#### EXERCISE AIM
Could you write the entries out again, exactly as they appear?

[Opening GIVEN DATA section]

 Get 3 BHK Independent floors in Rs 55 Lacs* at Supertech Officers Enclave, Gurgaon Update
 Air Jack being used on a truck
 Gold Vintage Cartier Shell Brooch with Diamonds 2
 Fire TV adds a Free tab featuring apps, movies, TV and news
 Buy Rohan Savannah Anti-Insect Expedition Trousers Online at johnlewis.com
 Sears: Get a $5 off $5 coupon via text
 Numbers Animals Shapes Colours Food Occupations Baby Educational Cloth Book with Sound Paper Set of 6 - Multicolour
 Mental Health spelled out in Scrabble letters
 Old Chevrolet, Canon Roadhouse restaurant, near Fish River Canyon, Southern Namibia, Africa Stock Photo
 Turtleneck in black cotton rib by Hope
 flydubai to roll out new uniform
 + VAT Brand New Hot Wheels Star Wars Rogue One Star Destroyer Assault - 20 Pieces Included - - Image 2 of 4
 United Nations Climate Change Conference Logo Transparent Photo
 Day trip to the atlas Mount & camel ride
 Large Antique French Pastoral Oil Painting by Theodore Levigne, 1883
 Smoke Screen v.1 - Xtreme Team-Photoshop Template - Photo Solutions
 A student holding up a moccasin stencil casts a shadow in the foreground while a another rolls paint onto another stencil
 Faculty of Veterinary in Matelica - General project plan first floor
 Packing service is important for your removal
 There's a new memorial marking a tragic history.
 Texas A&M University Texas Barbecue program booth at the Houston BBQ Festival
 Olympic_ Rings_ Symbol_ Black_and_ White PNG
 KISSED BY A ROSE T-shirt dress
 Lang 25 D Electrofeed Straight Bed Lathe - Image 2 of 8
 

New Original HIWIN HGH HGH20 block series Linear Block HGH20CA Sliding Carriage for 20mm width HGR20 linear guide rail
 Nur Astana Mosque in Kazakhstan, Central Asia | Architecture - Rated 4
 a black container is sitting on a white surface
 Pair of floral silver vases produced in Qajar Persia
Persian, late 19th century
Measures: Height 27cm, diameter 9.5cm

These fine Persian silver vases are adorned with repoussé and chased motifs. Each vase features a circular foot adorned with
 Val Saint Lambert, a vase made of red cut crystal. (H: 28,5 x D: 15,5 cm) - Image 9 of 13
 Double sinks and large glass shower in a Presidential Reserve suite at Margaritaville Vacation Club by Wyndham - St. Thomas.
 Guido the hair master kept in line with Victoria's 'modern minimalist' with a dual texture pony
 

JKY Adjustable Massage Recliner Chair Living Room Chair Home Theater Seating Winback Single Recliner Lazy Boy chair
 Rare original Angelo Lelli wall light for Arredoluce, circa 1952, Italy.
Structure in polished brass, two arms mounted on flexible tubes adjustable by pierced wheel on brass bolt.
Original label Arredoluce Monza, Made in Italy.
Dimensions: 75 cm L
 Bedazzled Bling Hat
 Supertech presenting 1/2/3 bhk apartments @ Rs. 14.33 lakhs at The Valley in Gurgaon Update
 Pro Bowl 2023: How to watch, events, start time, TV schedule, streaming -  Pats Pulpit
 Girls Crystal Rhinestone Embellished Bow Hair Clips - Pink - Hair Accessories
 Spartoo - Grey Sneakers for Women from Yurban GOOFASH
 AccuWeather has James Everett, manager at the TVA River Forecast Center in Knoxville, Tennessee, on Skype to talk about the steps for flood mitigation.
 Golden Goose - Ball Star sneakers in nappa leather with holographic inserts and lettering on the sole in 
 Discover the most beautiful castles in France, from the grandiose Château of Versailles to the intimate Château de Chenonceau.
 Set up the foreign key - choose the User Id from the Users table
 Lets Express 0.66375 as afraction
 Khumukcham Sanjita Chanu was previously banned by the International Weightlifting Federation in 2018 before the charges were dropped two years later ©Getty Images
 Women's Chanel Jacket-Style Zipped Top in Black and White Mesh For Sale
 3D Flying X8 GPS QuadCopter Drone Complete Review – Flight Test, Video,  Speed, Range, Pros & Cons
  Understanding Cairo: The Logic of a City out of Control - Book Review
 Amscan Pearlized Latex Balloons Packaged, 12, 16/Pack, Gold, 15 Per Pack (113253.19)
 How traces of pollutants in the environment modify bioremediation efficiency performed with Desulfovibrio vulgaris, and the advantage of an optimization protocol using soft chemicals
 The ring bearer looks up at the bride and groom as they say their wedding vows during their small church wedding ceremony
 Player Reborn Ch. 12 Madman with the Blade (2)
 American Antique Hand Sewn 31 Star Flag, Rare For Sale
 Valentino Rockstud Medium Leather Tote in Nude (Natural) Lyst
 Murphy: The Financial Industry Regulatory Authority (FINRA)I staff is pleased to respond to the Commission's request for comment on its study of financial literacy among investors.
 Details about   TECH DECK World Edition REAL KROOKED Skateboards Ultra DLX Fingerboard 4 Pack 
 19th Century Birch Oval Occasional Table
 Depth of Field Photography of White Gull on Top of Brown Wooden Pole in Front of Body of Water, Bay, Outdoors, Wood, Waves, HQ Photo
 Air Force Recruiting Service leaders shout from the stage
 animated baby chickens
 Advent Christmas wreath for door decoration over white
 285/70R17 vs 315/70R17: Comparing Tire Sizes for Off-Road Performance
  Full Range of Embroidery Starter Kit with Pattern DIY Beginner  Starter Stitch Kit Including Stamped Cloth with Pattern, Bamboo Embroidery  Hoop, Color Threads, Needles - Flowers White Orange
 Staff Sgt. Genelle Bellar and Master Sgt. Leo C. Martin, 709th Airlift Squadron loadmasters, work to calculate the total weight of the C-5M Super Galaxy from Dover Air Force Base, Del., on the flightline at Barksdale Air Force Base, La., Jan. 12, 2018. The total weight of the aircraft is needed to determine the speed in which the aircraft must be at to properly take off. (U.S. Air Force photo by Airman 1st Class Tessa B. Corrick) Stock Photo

[Closing GIVEN DATA section]

#### RESULT OF THIS TASK
 Get 3 BHK Independent floors in Rs 55 Lacs* at Supertech Officers Enclave, Gurgaon Update
 Air Jack being used on a truck
 Gold Vintage Cartier Shell Brooch with Diamonds 2
 Fire TV adds a Free tab featuring apps, movies, TV and news
 Buy Rohan Savannah Anti-Insect Expedition Trousers Online at johnlewis.com
 Sears: Get a $5 off $5 coupon via text
 Numbers Animals Shapes Colours Food Occupations Baby Educational Cloth Book with Sound Paper Set of 6 - Multicolour
 Mental Health spelled out in Scrabble letters
 Old Chevrolet, Canon Roadhouse restaurant, near Fish River Canyon, Southern Namibia, Africa Stock Photo
 Turtleneck in black cotton rib by Hope
 flydubai to roll out new uniform
 + VAT Brand New Hot Wheels Star Wars Rogue One Star Destroyer Assault - 20 Pieces Included - - Image 2 of 4
 United Nations Climate Change Conference Logo Transparent Photo
 Day trip to the atlas Mount & camel ride
 Large Antique French Pastoral Oil Painting by Theodore Levigne, 1883
 Smoke Screen v.1 - Xtreme Team-Photoshop Template - Photo Solutions
 A student holding up a moccasin stencil casts a shadow in the foreground while a another rolls paint onto another stencil
 Faculty of Veterinary in Matelica - General project plan first floor
 Packing service is important for your removal
 There's a new memorial marking a tragic history.
 Texas A&M University Texas Barbecue program booth at the Houston BBQ Festival
 Olympic_ Rings_ Symbol_ Black_and_ White PNG
 KISSED BY A ROSE T-shirt dress
 Lang 25 D Electrofeed Straight Bed Lathe - Image 2 of 8
 

New Original HIWIN HGH HGH20 block series Linear Block HGH20CA Sliding Carriage for 20mm width HGR20 linear guide rail
 Nur Astana Mosque in Kazakhstan, Central Asia | Architecture - Rated 4
 a black container is sitting on a white surface
 Pair of floral silver vases produced in Qajar Persia
Persian, late 19th century
Measures: Height 27cm, diameter 9.5cm

These fine Persian silver vases are adorned with repoussé and chased motifs. Each vase features a circular foot adorned with
 Val Saint Lambert, a vase made of red cut crystal. (H: 28,5 x D: 15,5 cm) - Image 9 of 13
 Double sinks and large glass shower in a Presidential Reserve suite at Margaritaville Vacation Club by Wyndham - St. Thomas.
 Guido the hair master kept in line with Victoria's 'modern minimalist' with a dual texture pony
 

JKY Adjustable Massage Recliner Chair Living Room Chair Home Theater Seating Winback Single Recliner Lazy Boy chair
 Rare original Angelo Lelli wall light for Arredoluce, circa 1952, Italy.
Structure in polished brass, two arms mounted on flexible tubes adjustable by pierced wheel on brass bolt.
Original label Arredoluce Monza, Made in Italy.
Dimensions: 75 cm L
 Bedazzled Bling Hat
 Supertech presenting 1/2/3 bhk apartments @ Rs. 14.33 lakhs at The Valley in Gurgaon Update
 Pro Bowl 2023: How to watch, events, start time, TV schedule, streaming -  Pats Pulpit
 Girls Crystal Rhinestone Embellished Bow Hair Clips - Pink - Hair Accessories
 Spartoo - Grey Sneakers for Women from Yurban GOOFASH
 AccuWeather has James Everett, manager at the TVA River Forecast Center in Knoxville, Tennessee, on Skype to talk about the steps for flood mitigation.
 Golden Goose - Ball Star sneakers in nappa leather with holographic inserts and lettering on the sole in 
 Discover the most beautiful castles in France, from the grandiose Château of Versailles to the intimate Château de Chenonceau.
 Set up the foreign key - choose the User Id from the Users table
 Lets Express 0.66375 as afraction
 Khumukcham Sanjita Chanu was previously banned by the International Weightlifting Federation in 2018 before the charges were dropped two years later ©Getty Images
 Women's Chanel Jacket-Style Zipped Top in Black and White Mesh For Sale
 3D Flying X8 GPS QuadCopter Drone Complete Review – Flight Test, Video,  Speed, Range, Pros & Cons
  Understanding Cairo: The Logic of a City out of Control - Book Review
 Amscan Pearlized Latex Balloons Packaged, 12, 16/Pack, Gold, 15 Per Pack (113253.19)
 How traces of pollutants in the environment modify bioremediation efficiency performed with Desulfovibrio vulgaris, and the advantage of an optimization protocol using soft chemicals
 The ring bearer looks up at the bride and groom as they say their wedding vows during their small church wedding ceremony
 Player Reborn Ch. 12 Madman with the Blade (2)
 American Antique Hand Sewn 31 Star Flag, Rare For Sale
 Valentino Rockstud Medium Leather Tote in Nude (Natural) Lyst
 Murphy: The Financial Industry Regulatory Authority (FINRA)I staff is pleased to respond to the Commission's request for comment on its study of financial literacy among investors.
 Details about   TECH DECK World Edition REAL KROOKED Skateboards Ultra DLX Fingerboard 4 Pack 
 19th Century Birch Oval Occasional Table
 Depth of Field Photography of White Gull on Top of Brown Wooden Pole in Front of Body of Water, Bay, Outdoors, Wood, Waves, HQ Photo
 Air Force Recruiting Service leaders shout from the stage
 animated baby chickens
 Advent Christmas wreath for door decoration over white
 285/70R17 vs 315/70R17: Comparing Tire Sizes for Off-Road Performance
  Full Range of Embroidery Starter Kit with Pattern DIY Beginner  Starter Stitch Kit Including Stamped Cloth with Pattern, Bamboo Embroidery  Hoop, Color Threads, Needles - Flowers White Orange
 Staff Sgt. Genelle Bellar and Master Sgt. Leo C. Martin, 709th Airlift Squadron loadmasters, work to calculate the total weight of the C-5M Super Galaxy from Dover Air Force Base, Del., on the flightline at Barksdale Air Force Base, La., Jan. 12, 2018. The total weight of the aircraft is needed to determine the speed in which the aircraft must be at to properly take off. (U.S. Air Force photo by Airman 1st Class Tessa B. Corrick) Stock Photo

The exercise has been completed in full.